In the meetings, Miles and Williams give the coaches strategies to use. As former teachers and mentors, they know how to dig into the nitty-gritty of the classroom and explore the complexity of the split-second decisions teachers make each day.

The entire process is aimed at improving the coaches’ ability to cultivate trust and collaboration.

“The mantra is ‘relationship,’” said Williams. “How are you going to work with someone to make them open to exposing weakness? That’s not something people are comfortable with. It’s hard to open yourself up to an examination of what’s not working well.”

‘Look at her now’

One recent June morning, as the school year drew to a close, Sangiuliano was back in Coute’s classroom. Squeezed into a chair designed for a five-year-old, he leaned forward as Coute read to her class.

“Let’s play one of our absolute favorite games,” Coute said. “Opposites.”

She opened a book, hiding a page with her hand.

“Up,” she said, calling on a girl in the front row.

“Down,” the girl said, as Coute revealed the word “down.”

“Left,” Coute said to a boy who was getting restless.

“Right,” he replied.

In, Out. Near, Far. Push, Pull.

“That’s right,” Coute said. “Kiss your brain.”

The students put their fingers to their lips and then lightly touched the tops of their heads.

Some children started to wiggle. A few shouted out answers.

“No calling out, please,” Coute said. The class settled down.

During the lesson, Sangiuliano took notes using a form created by the New Teacher Center. He “scripted” her lessons in 5- to 10-minute increments, logging how many children paid attention and the strategies Coute used to keep them on track, address discipline issues and answer questions.

“One, two, eyes on me,” Coute said as she effortlessly transitioned the children to a game.

“Look at her now,” Sangiuliano said. “She’s so relaxed and confident. I didn’t expect to see so much growth in a year.”

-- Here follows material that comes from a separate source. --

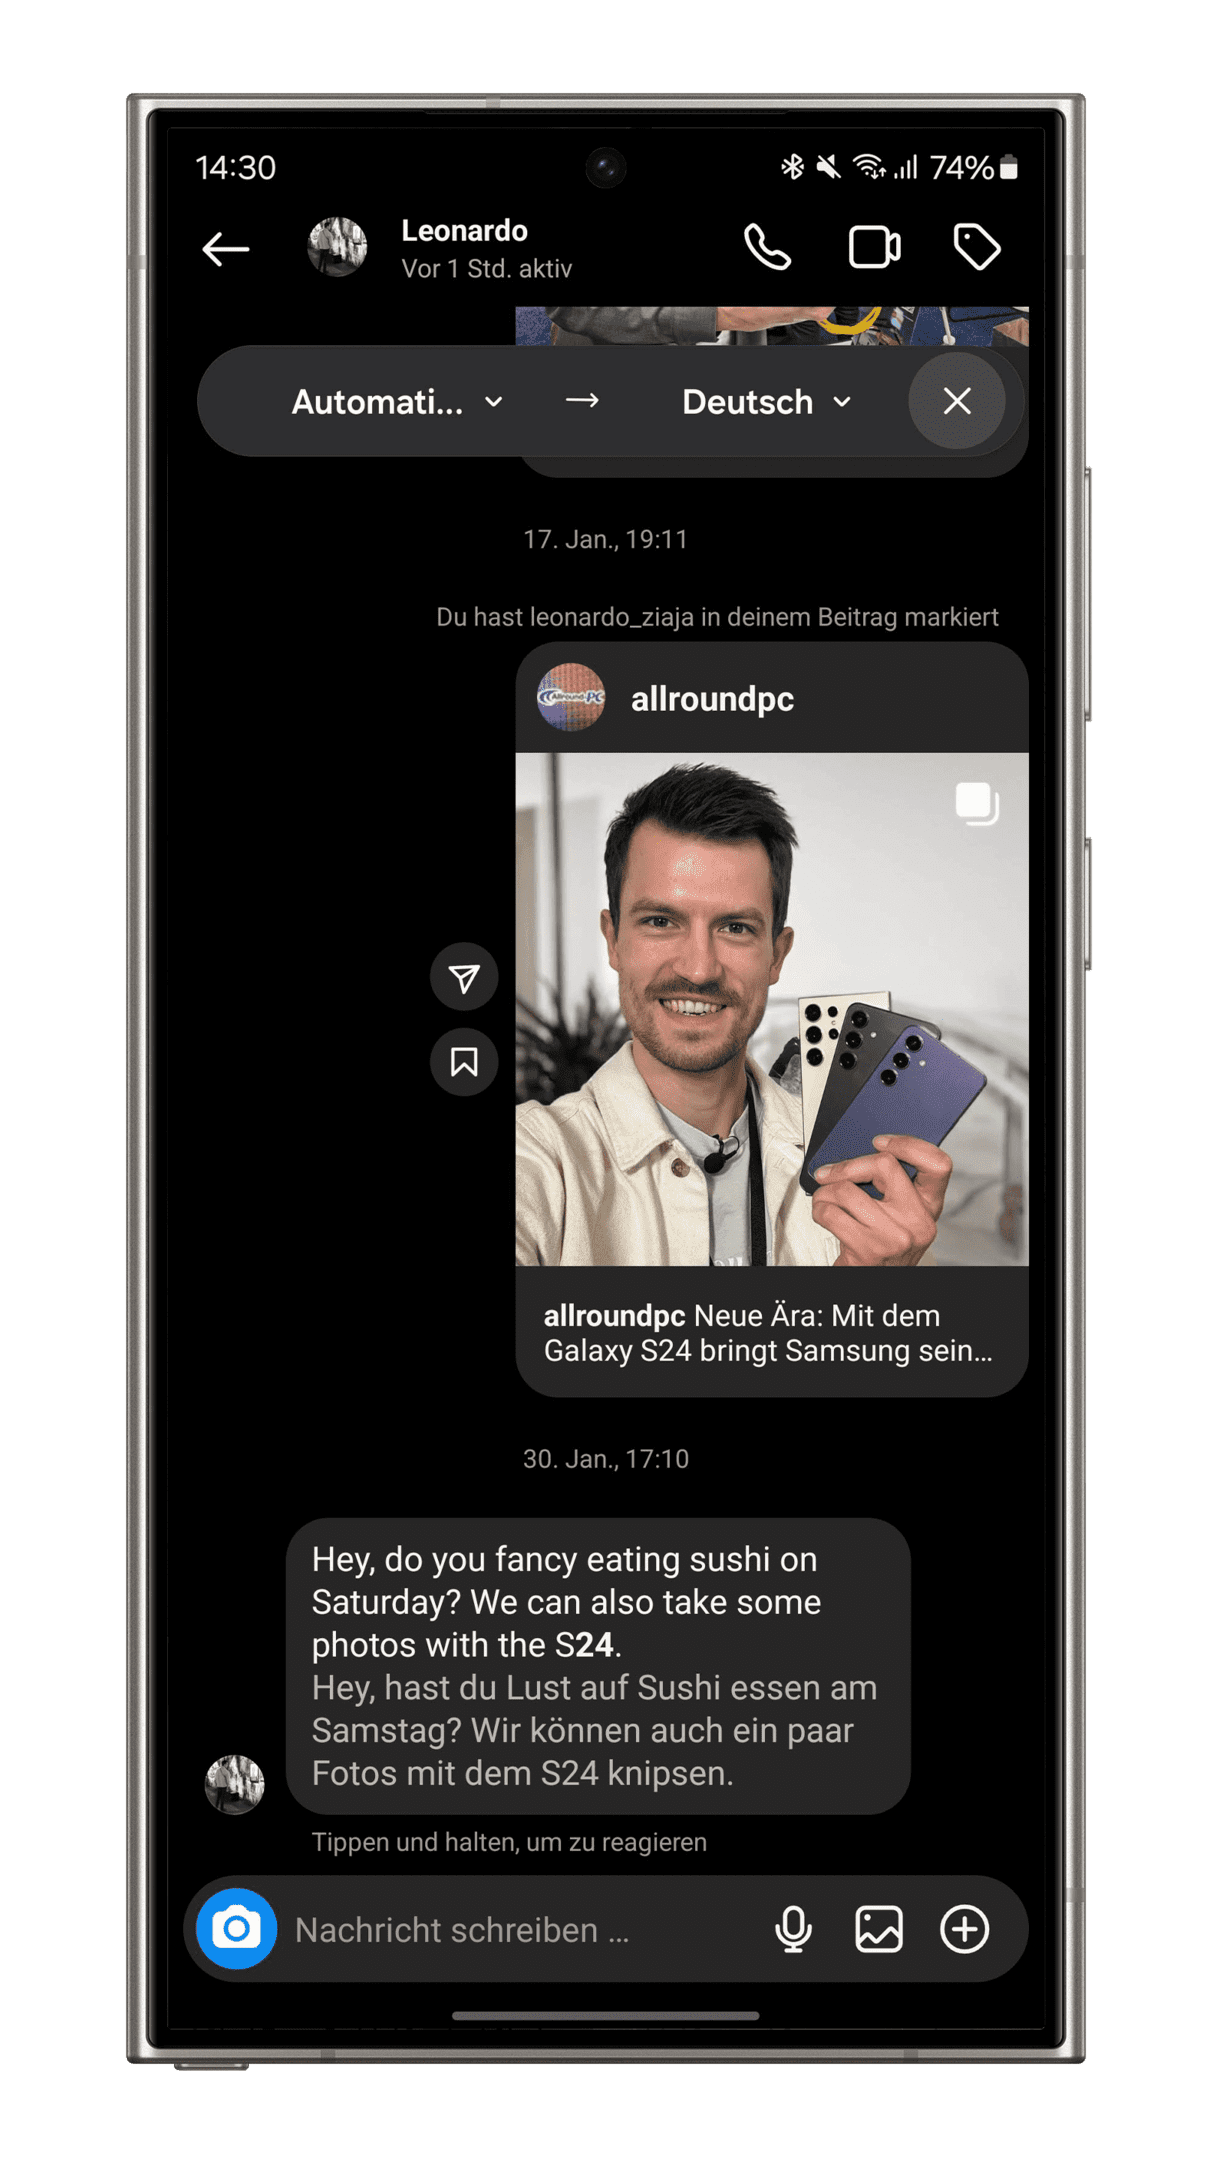 Samsung Galaxy S24 Plus Ultra Smartphone Tipps AI-Funktionen Chat Uebersetzung Sprachstile

After the children left for music class, Coute and Sangiuliano had 45 minutes to discuss the morning’s lesson.

Over the year, Sangiuliano helped Coute identify her struggling students and analyze their growth on tests and other assessments. Together they developed routines for the children to follow, and ways for Coute to transition between lessons.

During one math lesson last fall, Sangiuliano recalled, Coute asked the students 46 questions in 10 minutes.

“I don’t think I’ll ever forget that,” Coute said. “I had to learn how to slow everything down, and pace it. My voice was too loud; I had to bring the volume down. But without Gino, would I have picked up on those things?”

The first time the two met last September, Coute burst into tears. By Halloween, Coute wasn’t crying every day. Now, tears are rare.

“I am so excited for next year,” Coute said. “We’ve worked out some kinks, and I’ll be that much better.”

Sangiuliano will have a new crop of first-year teachers to coach.

“But she has my cell number,” he said. “She knows I’m here.”

Mentoring 101

  • Leadership buy-in is essential. Educate your organization’s leaders about the importance and goals of intensive mentoring. 
  • Quality is everything. Mentors should be masters of their profession who are chosen through a rigorous selection process. Determine the qualities you want in a mentor, develop an application specific to those goals and screen top candidates face to face.
  • Its a full-time job. Informal mentoring leaves little time for deep discussion. Ideally, mentoring is a paid, full-time job focused exclusively on helping novices. Coaches should receive ongoing training and support.
  • Its the right thing to do. Mentoring is humane. Leaving novices struggling is not.